The swift agreement on a Single Supervisory Mechanism in April 2012, only seven months after the Commission's proposal of September 2012 has laid the ground for a Banking Union, as integral part of the Economic and Monetary Union.

Reinforced supervision within the SSM will restore confidence in the health of banks. The ECB will assume ultimate responsibility for the supervision of all Euro Area banks in 2014. In practice, the ECB will directly supervise the largest and most internationally active banks with the possibility to “call up” direct supervision for the others, while the national authorities will be in charge of the day-to-day supervision of smaller banks.

Building on the SSM, in order to set up the sustainability of the banking markets in the participating Member States in the SSM, the EU must put in place a Single Resolution Mechanism to deal with failing banks. The risk of a bank experiencing a severe liquidity or solvency problem can never be totally excluded. It is therefore necessary to set out a framework that allows for the in-depth restructuring of banks by authorities whilst avoiding the very significant risks to economic stability and costs derived from their disorderly liquidation under national insolvency laws, and putting an end to the need to finance the process with public resources.

The Directive on Bank Recovery and Resolution, when adopted by the European Parliament and the Council, will determine the rules for how EU banks in serious financial difficulties are restructured, how vital functions for the real economy are maintained, and how losses and costs are allocated to the banks’ shareholders, creditors and uninsured depositors. Bail-in, a key instrument in the resolution directive, would sequentially allocate losses and write down the claims of shareholders, subordinated creditors, and senior creditors. Depositors below €100 000 are in any case excluded from suffering losses, their claims being protected by national Deposit Guarantee Schemes.

The directive relies on a network of national authorities and resolution funds to resolve banks. While this is a major step forward to minimise differing national approaches and to protect the integrity of the internal market, it is not sufficient for those Member States which share the supervision of credit institutions within the SSM. As recognised by the European Council, in the Banking Union, bank supervision and resolution need to be exercised by the same level of authority. Otherwise tensions between the supervisor (ECB) and national resolution authorities may emerge over how to deal with ailing banks, while market expectations about Member States’ (in)ability to deal with bank failures nationally could continue, reinforcing feedback loops between sovereigns and banks and fragmentation and competitive distortions across the internal market.

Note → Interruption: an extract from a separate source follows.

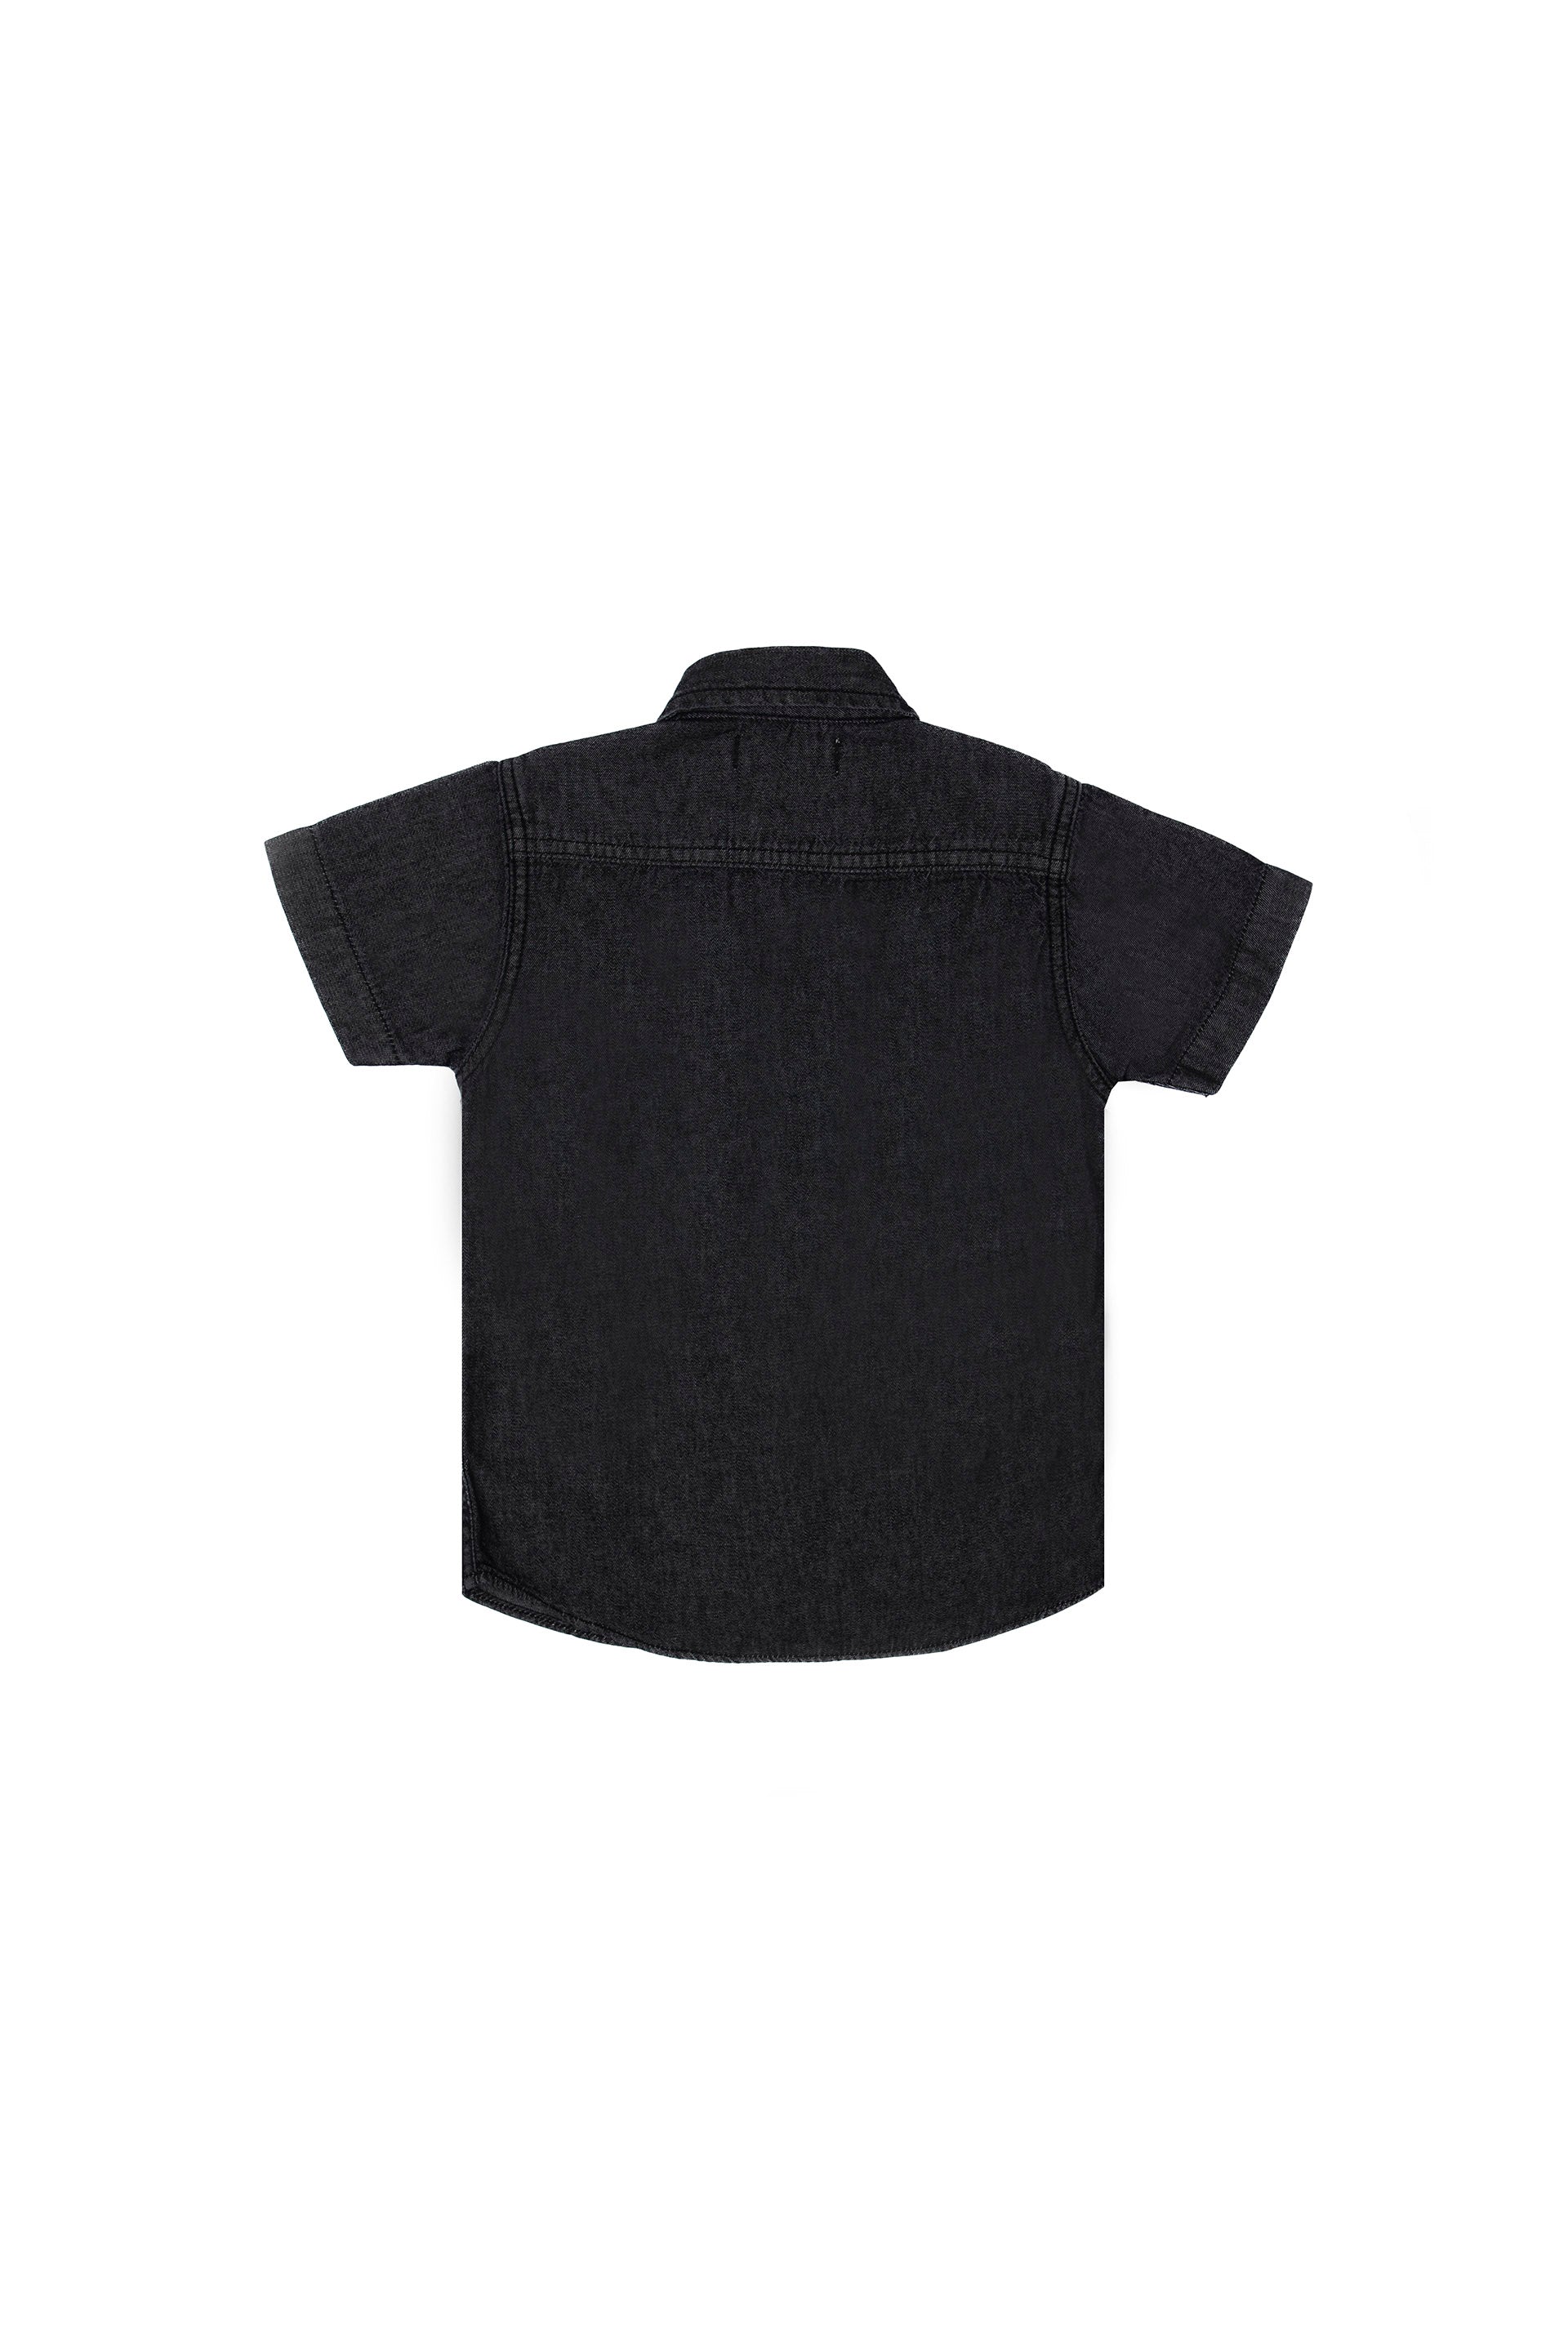 Printed Denim Shirt Black

Compared to a network of resolution authorities, a Single Resolution Mechanism with a central decision-making body and a Single Bank Resolution Fund will provide key benefits for Member States, taxpayers, banks, and financial and economic stability in the entire EU:

· strong central decision-making will ensure that resolution decisions across participating Member States will be taken effectively and quickly, avoiding uncoordinated action, minimising negative impacts on financial stability, and limiting the need for financial support;

· a centralised pool of bank resolution expertise and experience will be able to deal with failing banks in a more systematic and efficient way than individual national authorities with more limited resources and experience;

· a Single Bank Resolution Fund will be able to pool significant resources from bank contributions and therefore protect taxpayers more effectively than national funds, while at the same time providing a level playing field for banks across participating Member States. A Single Fund will prevent coordination problems arising in the deployment of national funds and will be instrumental in eliminating the dependence of banks on sovereign creditworthiness.

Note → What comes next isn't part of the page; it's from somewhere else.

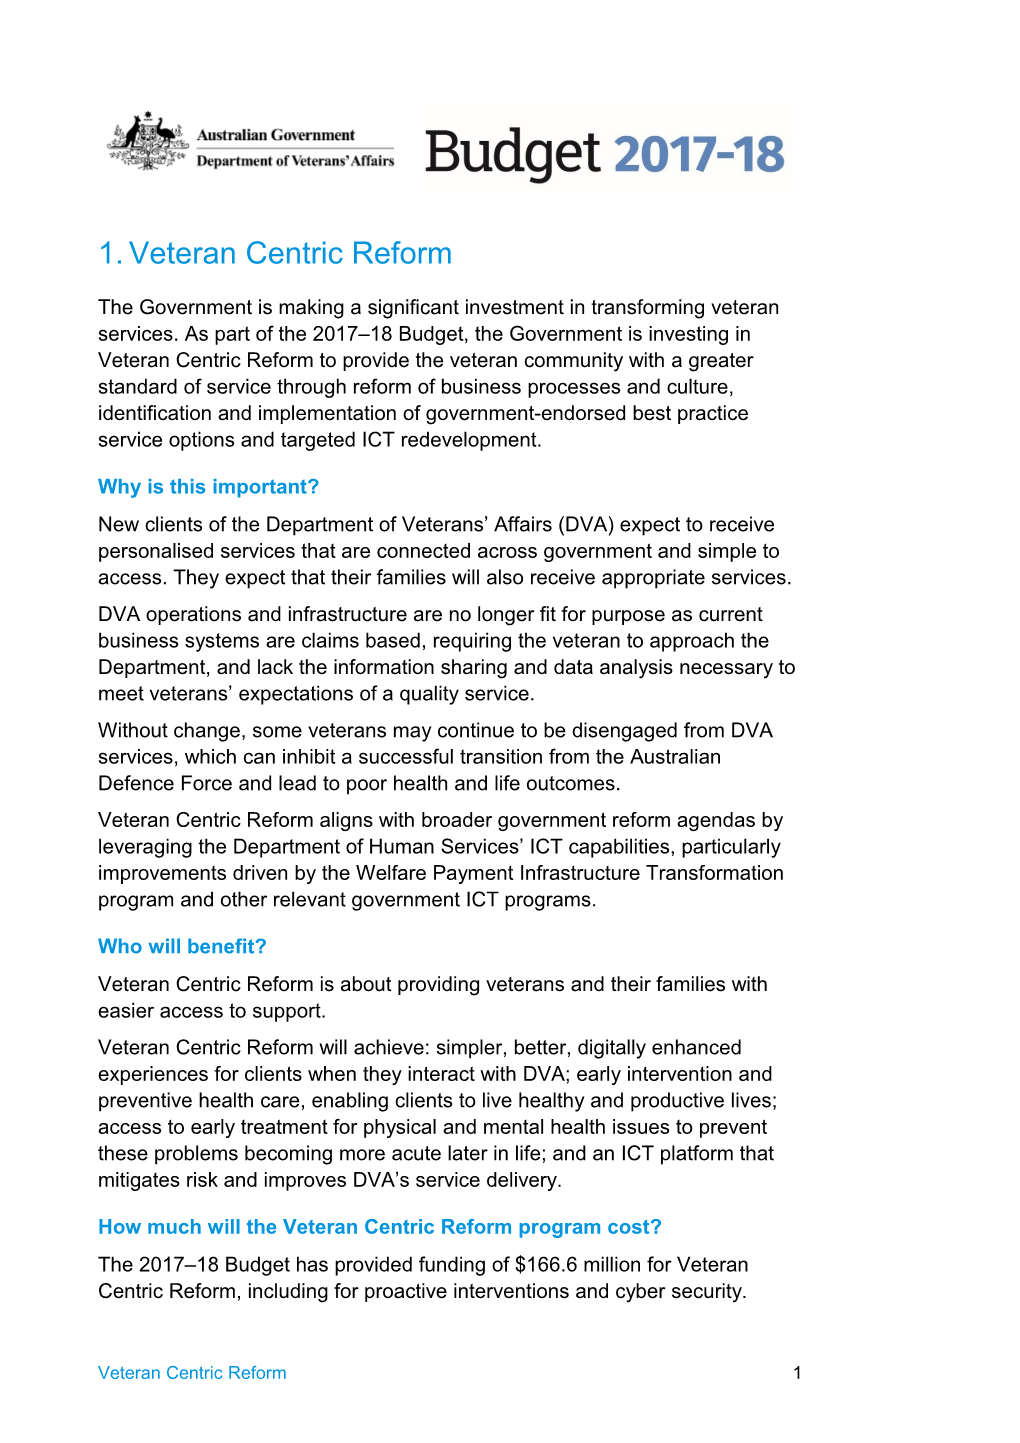 Veteran Centric Reform

The Single Resolution Mechanism must be created within the EU legal and institutional framework. The European Council Conclusions of 14 December 2012 state that “the process of completing EMU will build on the EU’s institutional and legal framework.” While the deployment of ad hoc inter-governmental tools outside the EU framework has been necessary to tackle exceptional market circumstances and governance flaws in the original construction of EMU, it threatens to undermine the democratic quality of EU decision-making and the coherence of the EU legal system. The creation of the SRM within the EU legal and institutional framework, like the SSM before it, is therefore a necessary step to complete EMU in line with the European Council’s conclusions and, more broadly, in order to protect the democratic and institutional order of the EU.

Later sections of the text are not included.